Using the data below, transcribe exactly everything from the line that contains "kleine auto en" down to the line that contains "Gembs, Karl (1896". Include both of those lines and none of the pictures.

***** MATERIAL PROVIDED

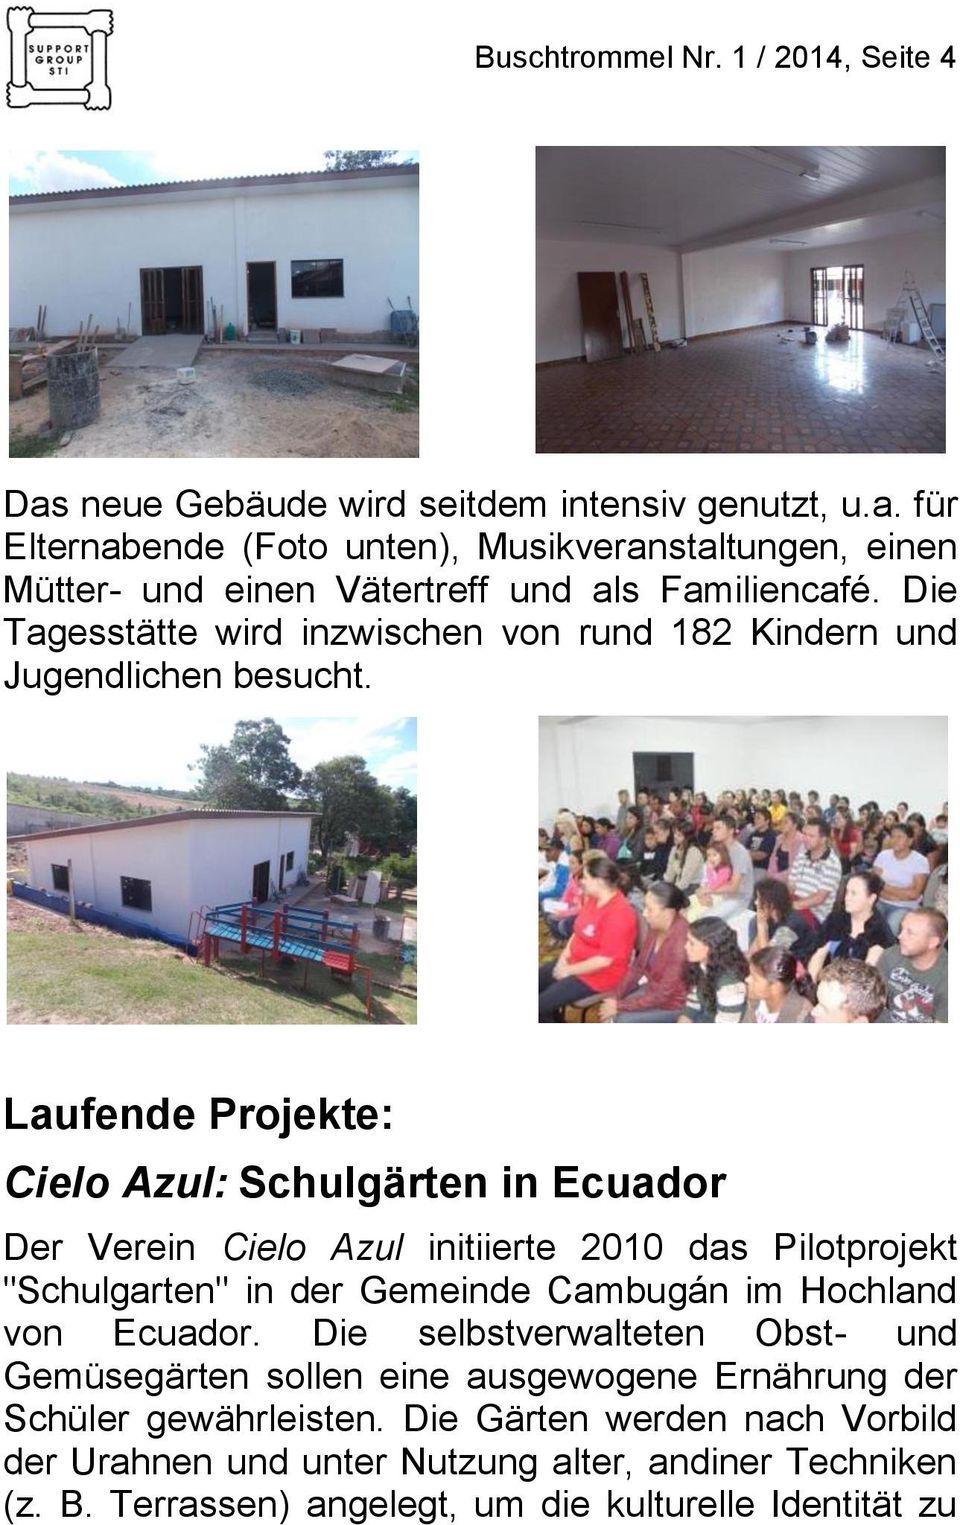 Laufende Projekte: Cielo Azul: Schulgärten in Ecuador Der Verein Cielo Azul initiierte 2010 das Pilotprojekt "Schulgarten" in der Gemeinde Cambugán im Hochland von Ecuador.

**********
***** MATERIAL PROVIDED

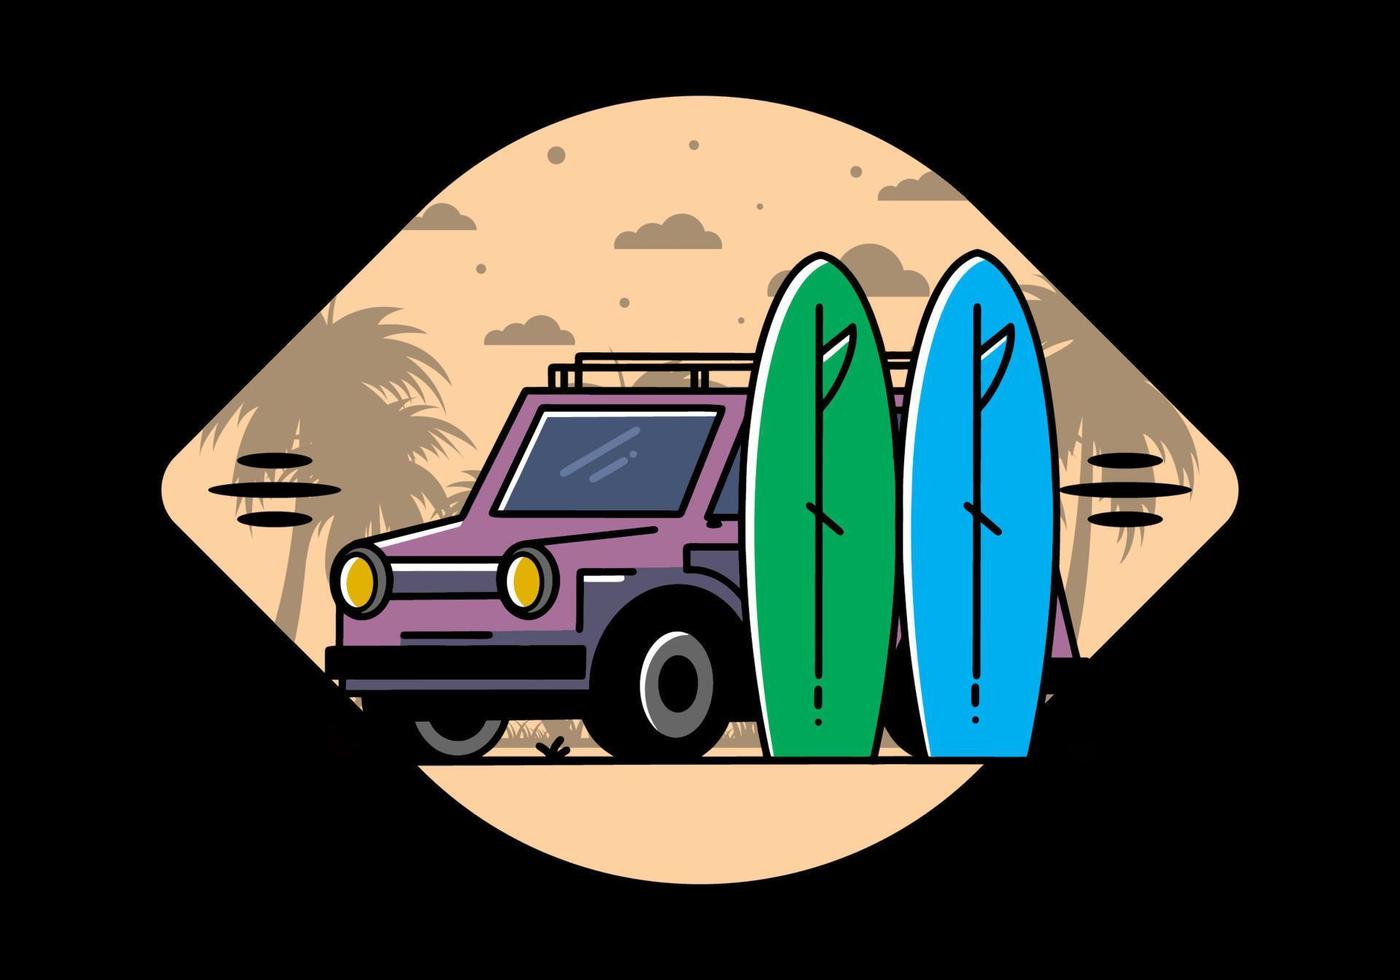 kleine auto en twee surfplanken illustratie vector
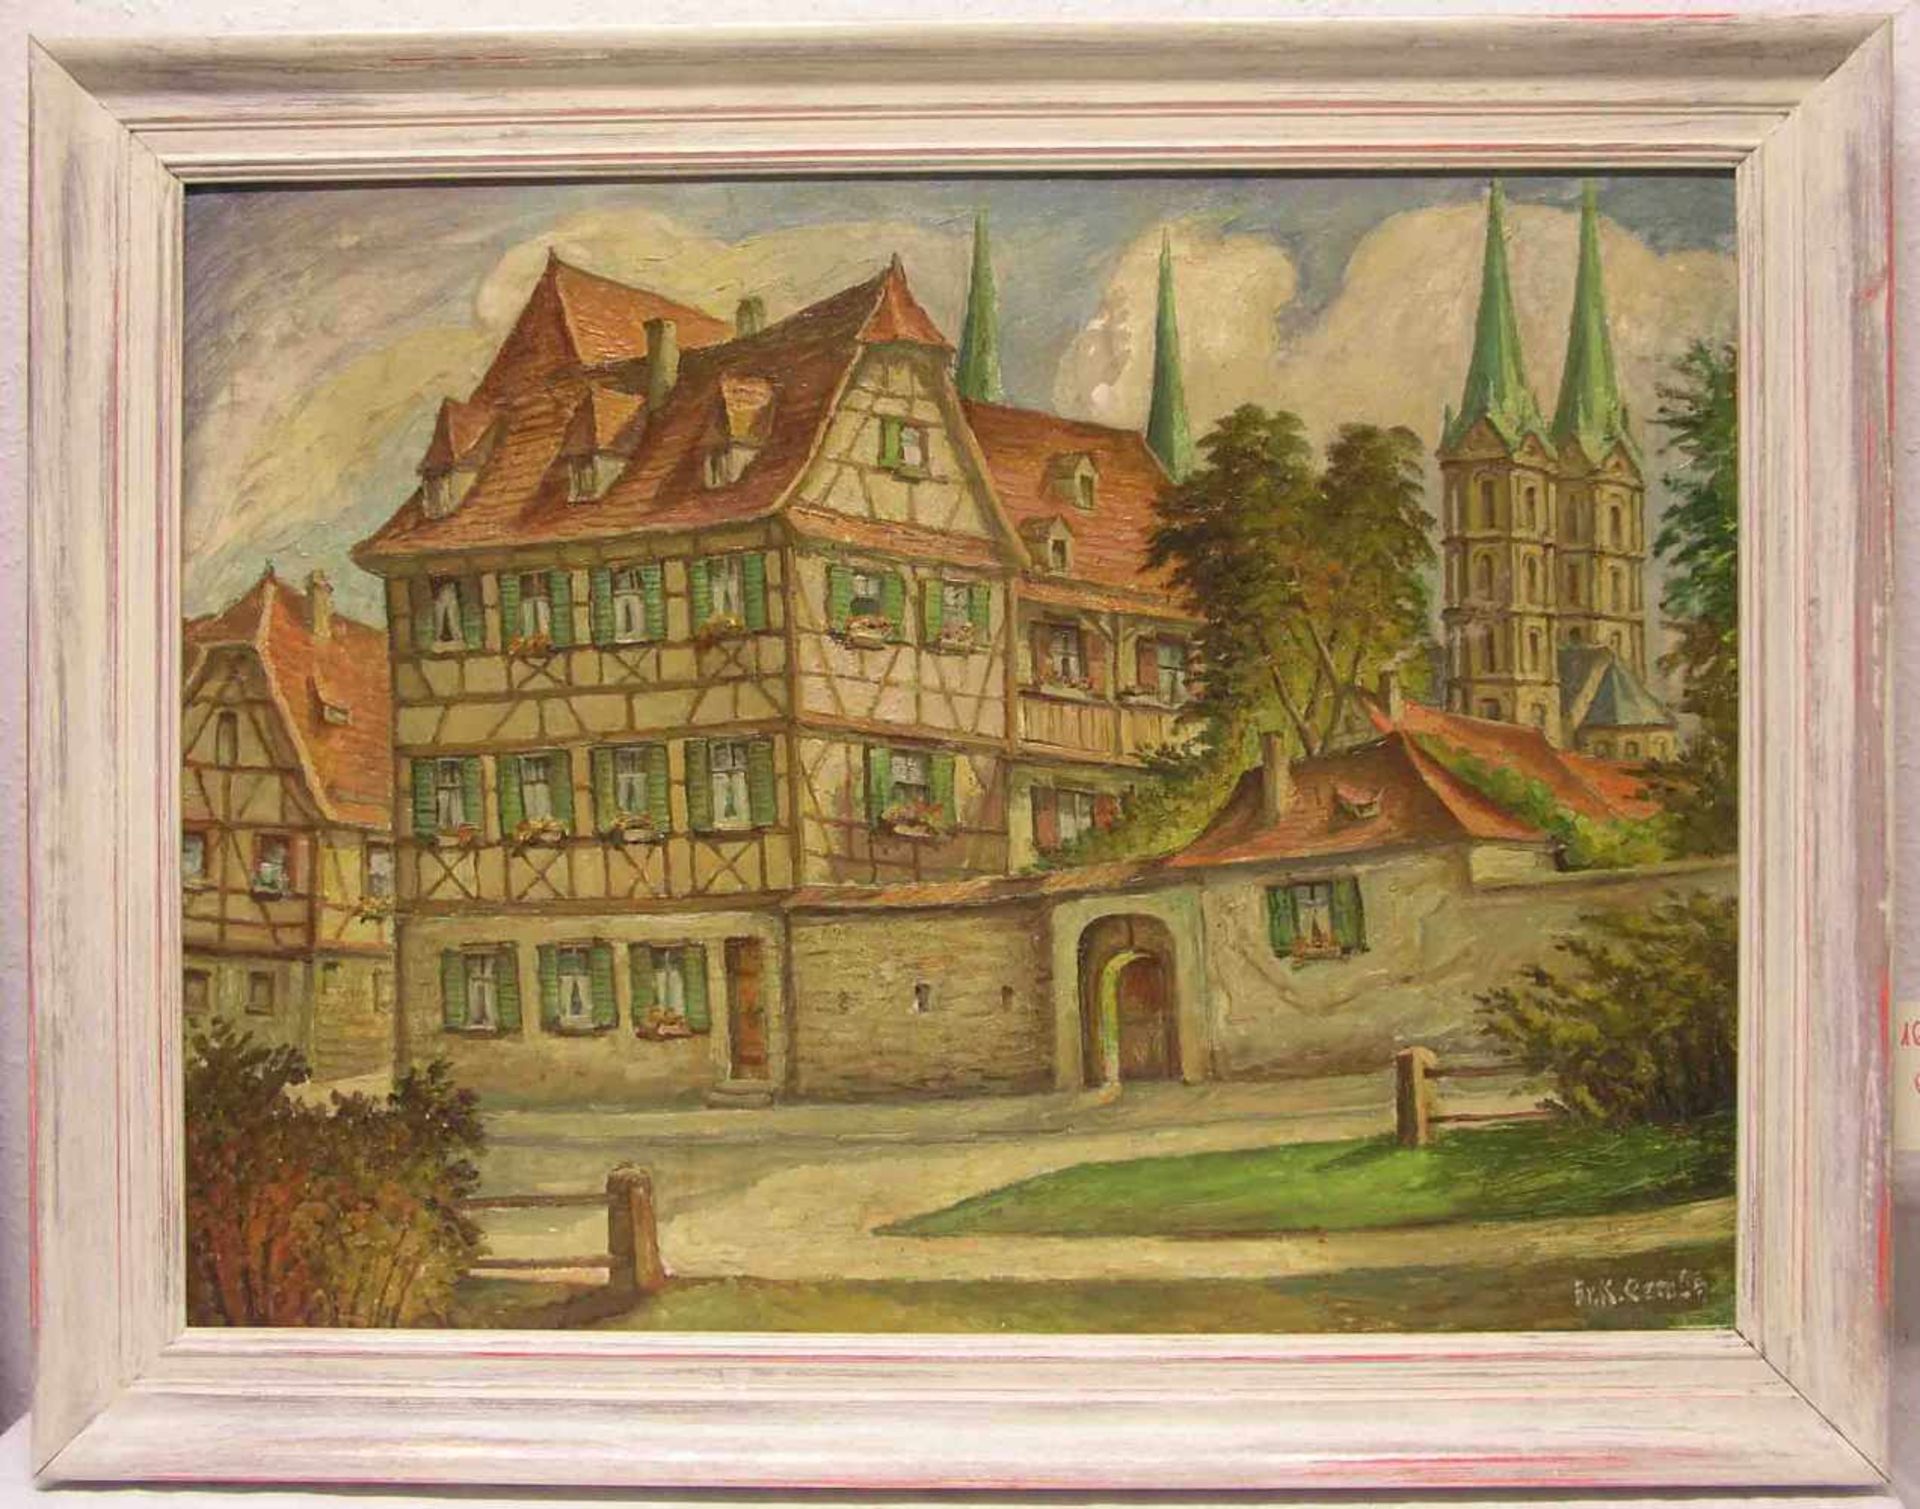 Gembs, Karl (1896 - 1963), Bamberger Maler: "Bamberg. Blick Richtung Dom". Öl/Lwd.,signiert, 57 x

**********

RESULT FOR THIS EXERCISE
 kleine auto en twee surfplanken illustratie vector
 Gembs, Karl (1896 - 1963), Bamberger Maler: "Bamberg. Blick Richtung Dom". Öl/Lwd.,signiert, 57 x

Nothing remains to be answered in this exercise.